Looks like it's expecting group members. This one doesn't actually have any so it didn't need to be resupplied (my mistake - sorry), but nevertheless we should ensure the logic is correct in the PubMed generation project.

Looks like in cases where there's a group, but no individuals it needs to be tagged like this:

<Author>
   <CollectiveName>MRC AIMS Consortium</CollectiveName>
</Author>

We've also had failures for the following:

Since we're updating these do they need the Replaces tag? It does seem strange that some of them (e.g. 25801 seem to have been processed fine though, while others haven't).

gnott commented 3 years ago

Thanks Fred. For the first, 55684 must be a case not yet covered in the test scenarios where there's a <collab> which has no group members. The recent code change is clearly adding <GroupList> to the PubMed deposit when it should not. I'll add a test case and solve the logical cause.

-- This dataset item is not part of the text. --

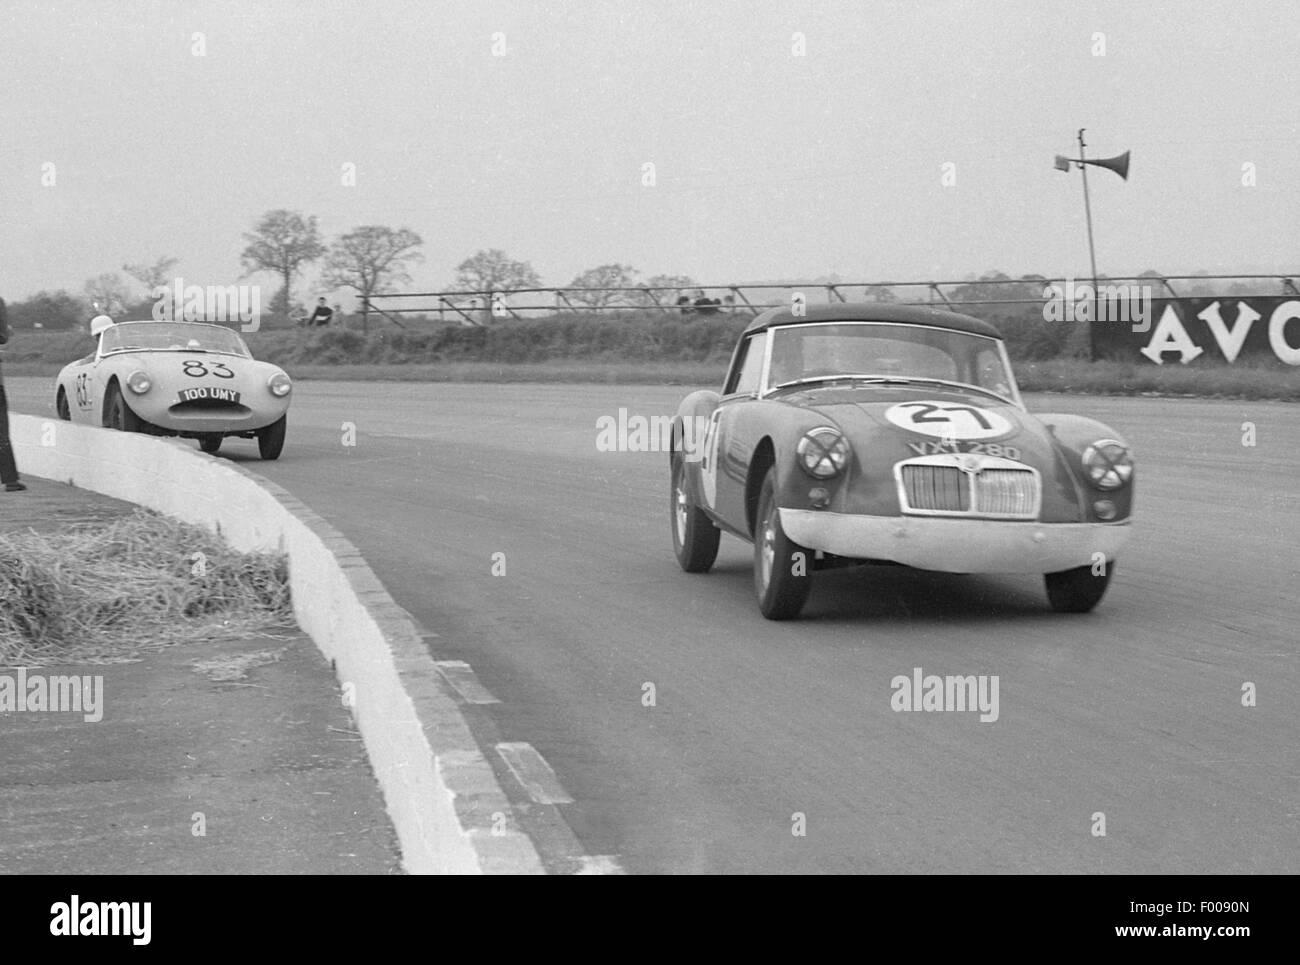 MGA Twin Cam Ecurie Chiltern. D.G. Dixon. Silverstone 9. Mai 1959 Stockbild

gnott commented 3 years ago

For the other articles, it looks like according to https://www.ncbi.nlm.nih.gov/books/NBK3828/#publisherhelp.How_do_I_interpret_the_Pub it looks like we cannot alter them by a resupply:

"Article matches PMID = , which is not in " [PubMed – as supplied by publisher] " status. This message means the data is already in PubMed and cannot be modified by a Replacement file."

Over to you please @FAtherden-eLife whether you think these could be edited in the PubMed self-management system.

gnott commented 3 years ago

Next bug fix is deployed, and I re-supplied article 55684 to PubMed now. I hope it results in no failure and a correct PubMed page.

fred-atherden commented 3 years ago

Many thanks @gnott. 55684 looks good. I've manually edited the records for those article that weren't in [PubMed – as supplied by publisher] status, so think we can consider this closed.

gnott commented 3 years ago

Thanks for fielding the error reports and fixing the stubborn articles Fred, we got it done!